Ilya decides to show Shane exactly what the competition looks like.
[INSTAGRAM STORY]
(A screen recording of Ilya’s notifications. It is a literal tidal wave of blue checkmarks.)
@Zayn: Yo, that library shoot was fire.
@LewisHamilton: 🐐🙌
@MariahCarey: 🦋🦋
Ilya’s Caption: all this noise and the only person i want to talk to is silent. sigh. 😔
Shane is having a logical breakdown.
"Zayn Malik? He thinks Ilya’s feed is fire? This is a geopolitical crisis," Shane says, pacing his kitchen. "And Ilya says the person he wants to talk to is silent. That’s so sad. He’s clearly in love with some mysterious, high-society European woman who doesn't have social media. I actually feel bad for him. I should be a better friend."
He opens his DMs to offer "support" and then remembers he's "nobody" and closes the app.
4.
Ilya is now being so specific it’s practically a background check.
[TWITTER]
Ilya Rozanov @ilyarozanov . 10m
i really wish i could get a canadian japanese freckeled hockey player who plays for the Montreal Voyageurs as a bfffffff. sigh.
Shane reads the tweet. He stops. He reads it again.
"Wait," Shane says, his brain whirring. "Canadian. Japanese. Freckled. Montreal." He looks in the mirror. He looks back at the phone.

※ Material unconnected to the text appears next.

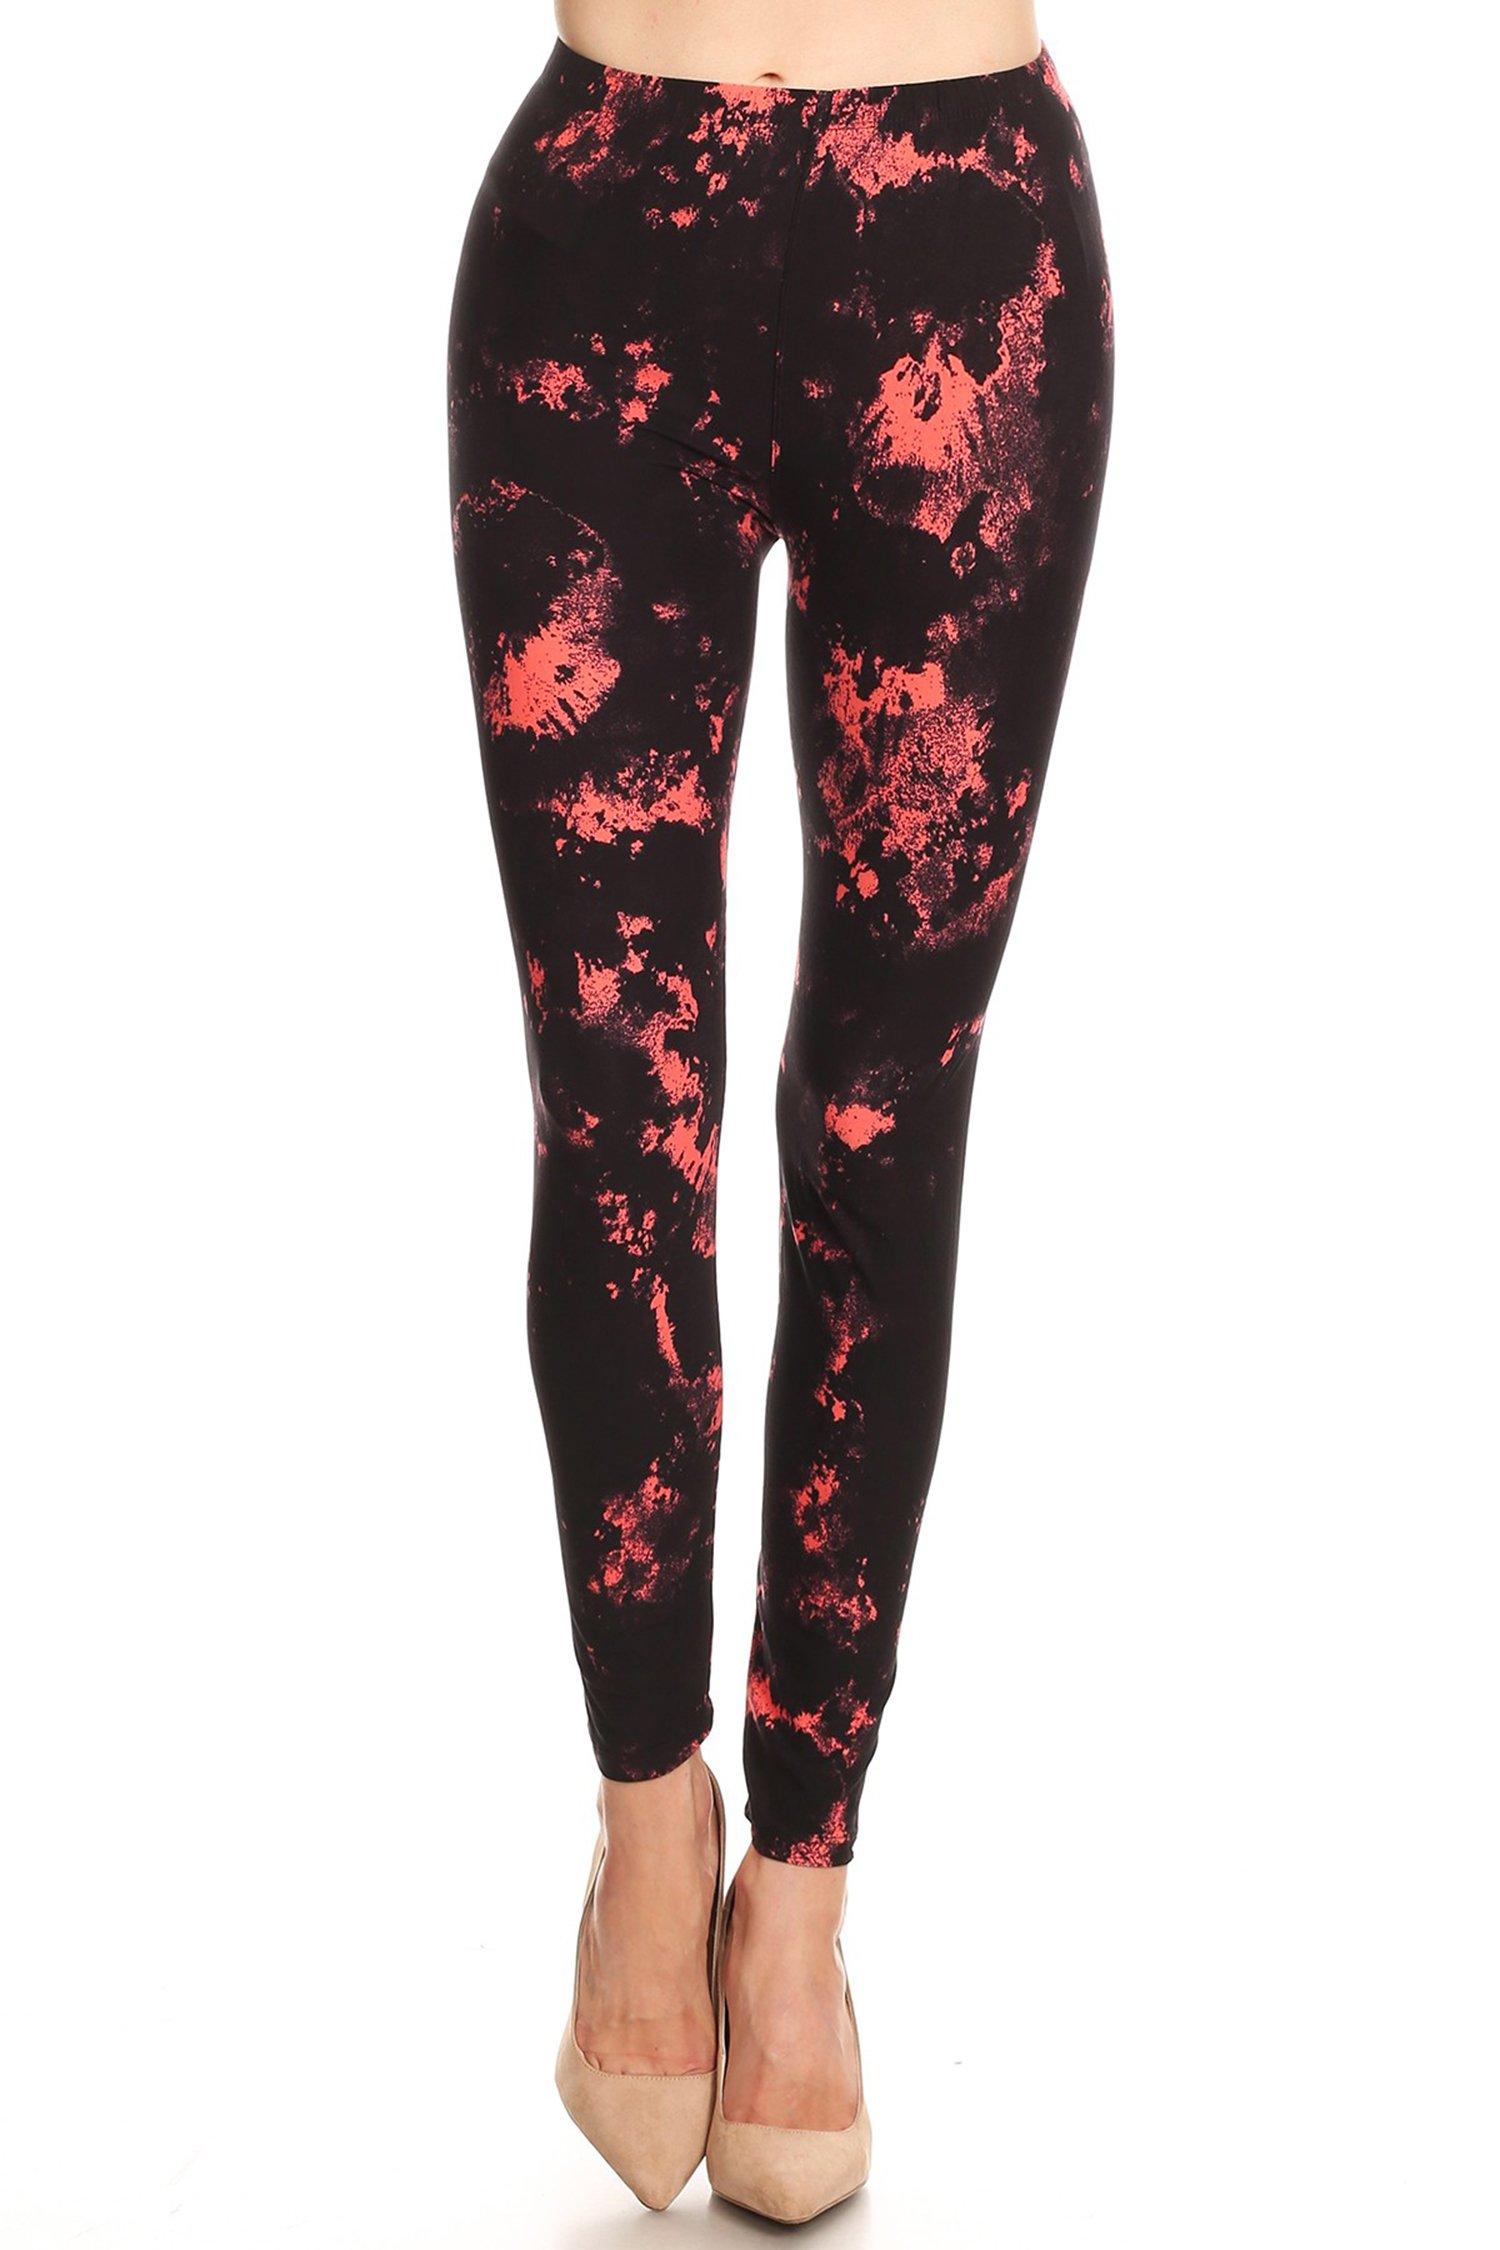 Leggings Mania Women's Tie Dye Print High Waist Soft Leggings Plus Coral Black

"Oh my god," Shane gasps. "He’s... he’s trying to find a replacement for me. He wants someone who looks exactly like me but probably has a better fashion sense and doesn't vote 'nobody' on his polls. This is the most elaborate 'I'm over you' post in history. He’s literally crowdsourcing a new Shane. This is psychological warfare."

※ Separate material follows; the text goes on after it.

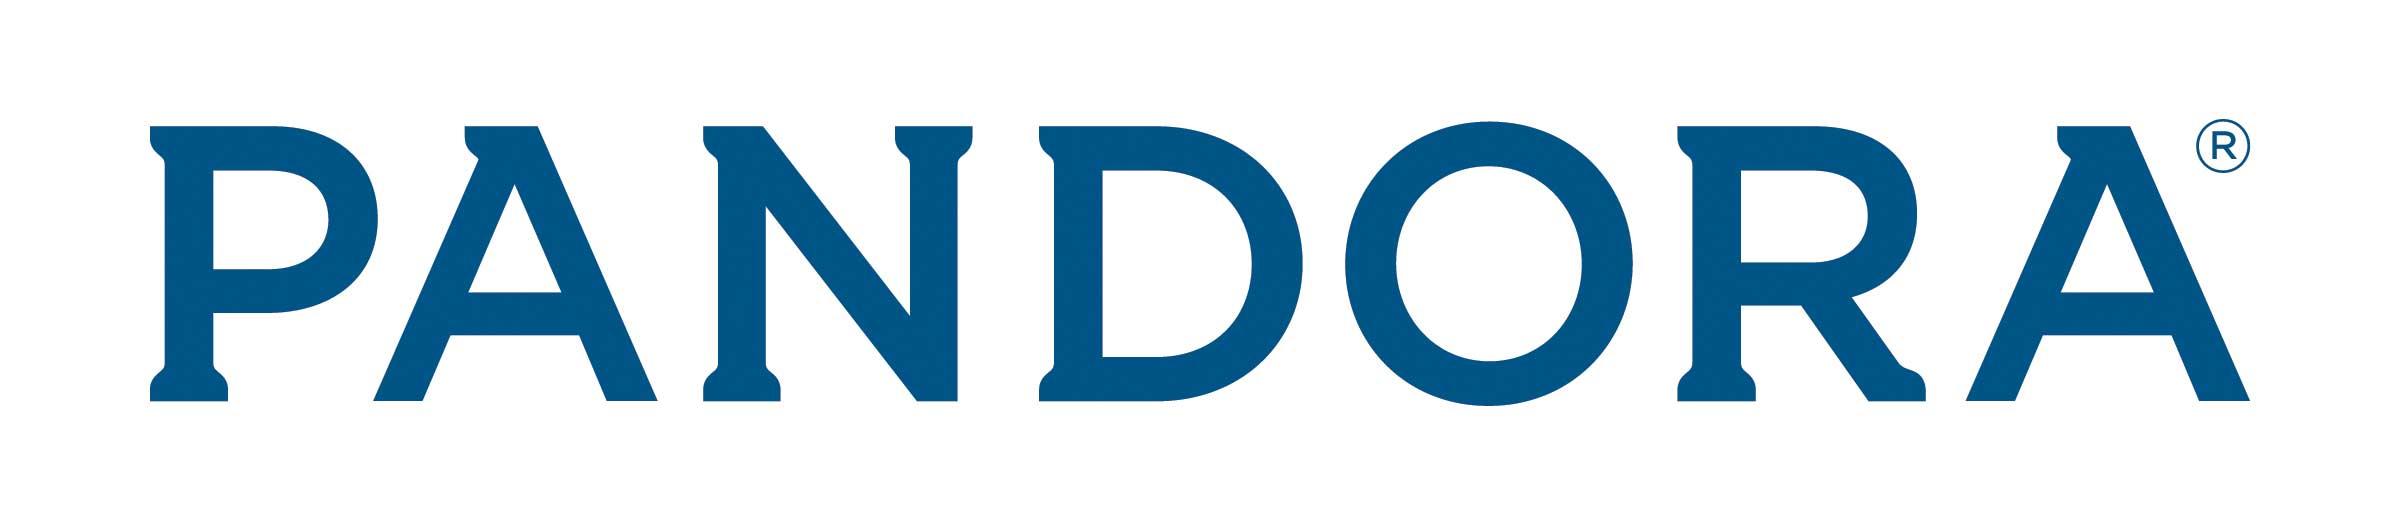 pandora_logo_blue.jpg

And then poor Shane starts crashing out, throwing his pillows across the room because Ilya is trying to "out-source" him.
+1
Ilya needs this entire thing wrapped by tonight, so he goes for the jugular.
[INSTAGRAM STORY]
(A shirtless mirror pic. Ilya is in low-slung grey sweatpants, hair messy, looking absolutely wrecked and beautiful. The "v-line" is doing heavy lifting.)
Caption: since "nobody" wants me... i guess i'll just go to bed alone.
The word "nobody" triggers something in Shane's brain. The poll. The tweet. The "silent" person. The "new Shane." It all clicks.
"Oh," Shane whispers, his face turning bright red. "I'm such an idiot."
[DMs: Ilya & Shane]
Shane: i saw it rozanov you can delete it
Shane: delete it now
Shane: im tweaking delt
Shane: i cnt brsth
Shane: DELETE THE PIC BEFORE ZAYN SEES IT
Ilya: say please.
Shane: (Voice Message - 0:02): [Audio: A shaky, breathless "...please."]
Ilya: took you long enough, hollander. i was about to start tagging your home address in the captions just to see if that would work. now open the door.